Neometals’ agreement with Mercedes-Benz becomes legally binding when the automaker sends out an official purchase order, Reed told Tech Zero he expected it to be formalized.

“That is certainly well advanced and on track,” he said.

“We will include staff with them and be able to test the latest and greatest [battery] cells and assemblies of batteries and sizes and co-owns the improvements.

“It’s great for us, it was a 16-month process, a global process as you can imagine, so yes, we are very happy to have been chosen as Mercedes technology partner.”

‘Very strong pipeline of people who are very interested’

The deal with Mercedes-Benz came after similar agreements with a Canadian steel producer and the Japanese trading house Itochu.

“We have a very, very strong pipeline of people who are very interested in using it, of course, once you announced that Mercedes has chosen you as a technology partner, that certainly accelerated and crystallized a lot of commercial negotiations because they’ve maybe did the deepest technical dive,” Reed says.

“These guys [Mercedes] the inventor of the first modern car, the anti-lock braking system, the safety cage, they are quite innovative.”

But while the Mercedes-Benz deal and new European regulations should boost this decade, Reed believes the battery recycling industry’s days could be in decades to come as the volume of batteries to be recycled is now stays small.

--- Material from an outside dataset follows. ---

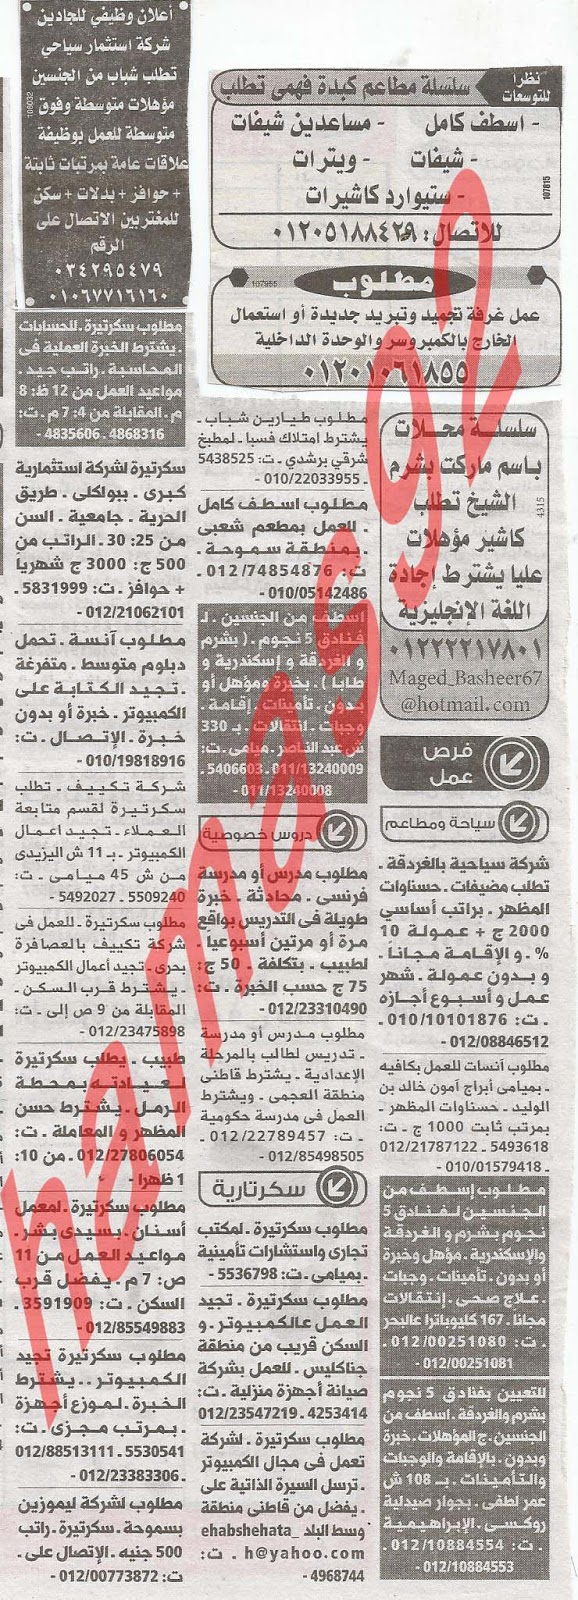 وظائف جريدة الوسيط الاسكندرية الاثنين 25-02-2013 %D9%88+%D8%B3+%D8%B3+1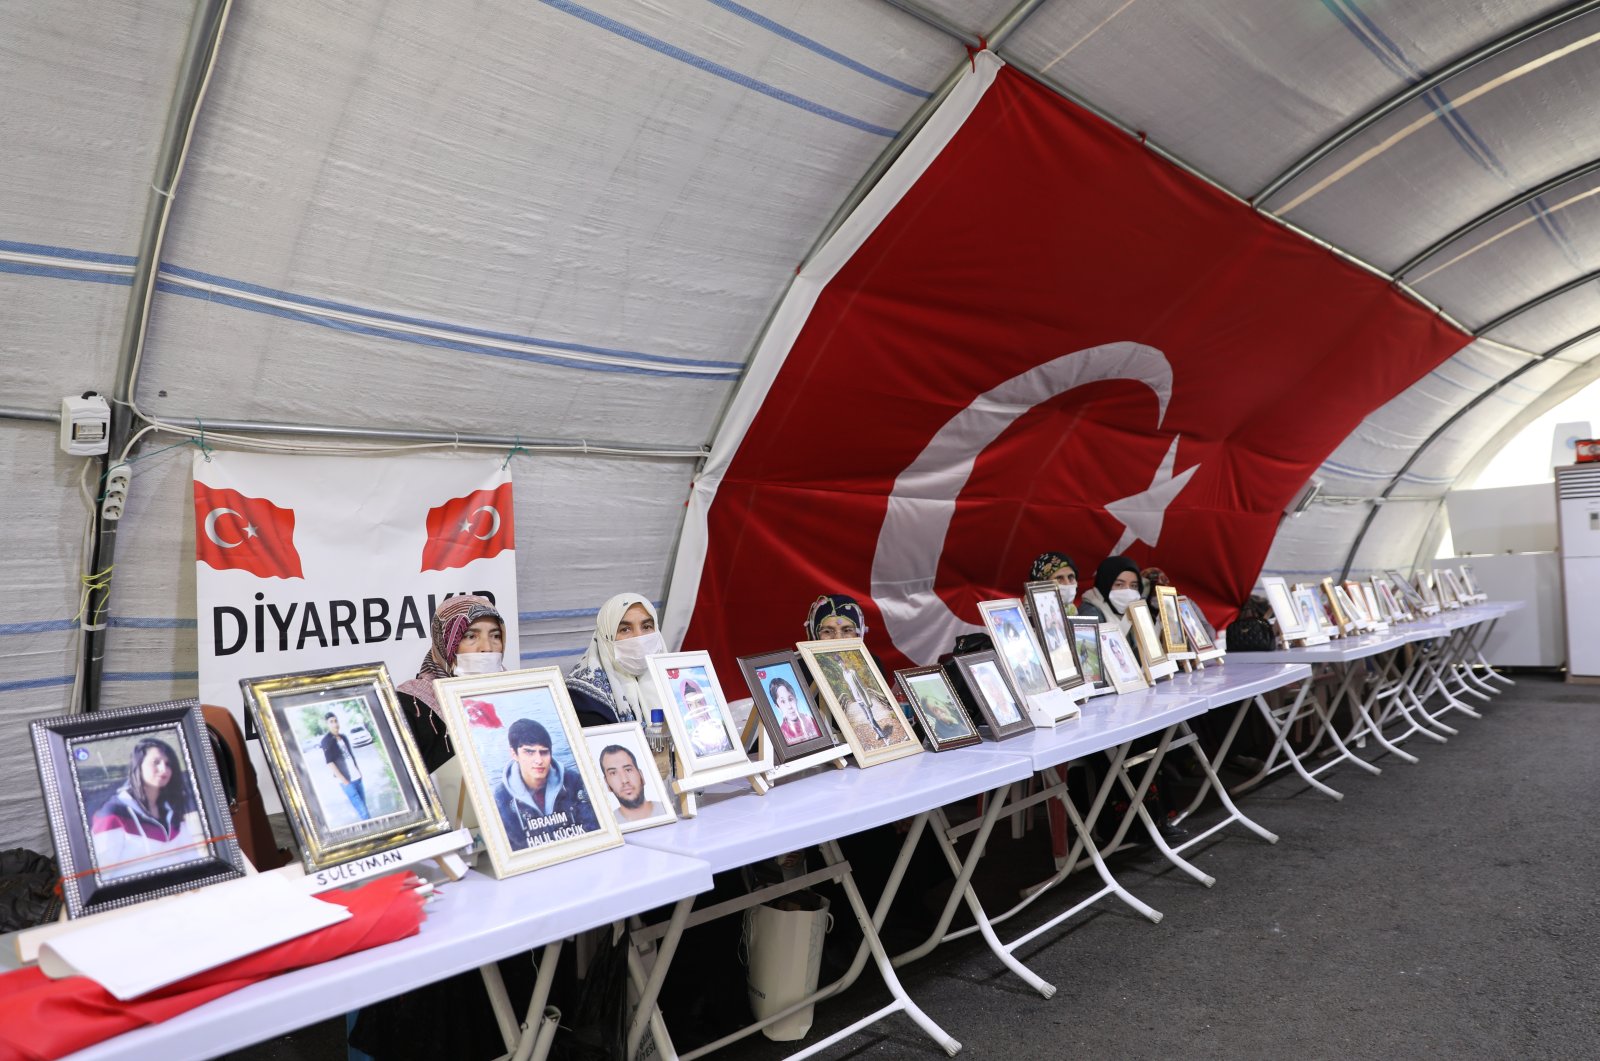 861 hari dan terus bertambah: Protes anti-PKK terus berkembang di Turki Tenggara

“It’s been an amazing journey, we’ve been going for six years now and we’ve only just started. The battery tsunami only gets really interesting in the second half of the decade,” he said.

“By 2030, even if we recycle every battery in the world, we will only use 10 percent of the [the battery minerals] what is needed for that year’s new production.

“It will probably not be 40 to 50 percent until 2040. So it’s a fantastic company with a very, very long life for us.

“Even if they stopped making lithium batteries today, 10 years from now you’ll still have yesterday’s production to recycle. So the fundamentals were just too compelling for us not to apply all our resources.”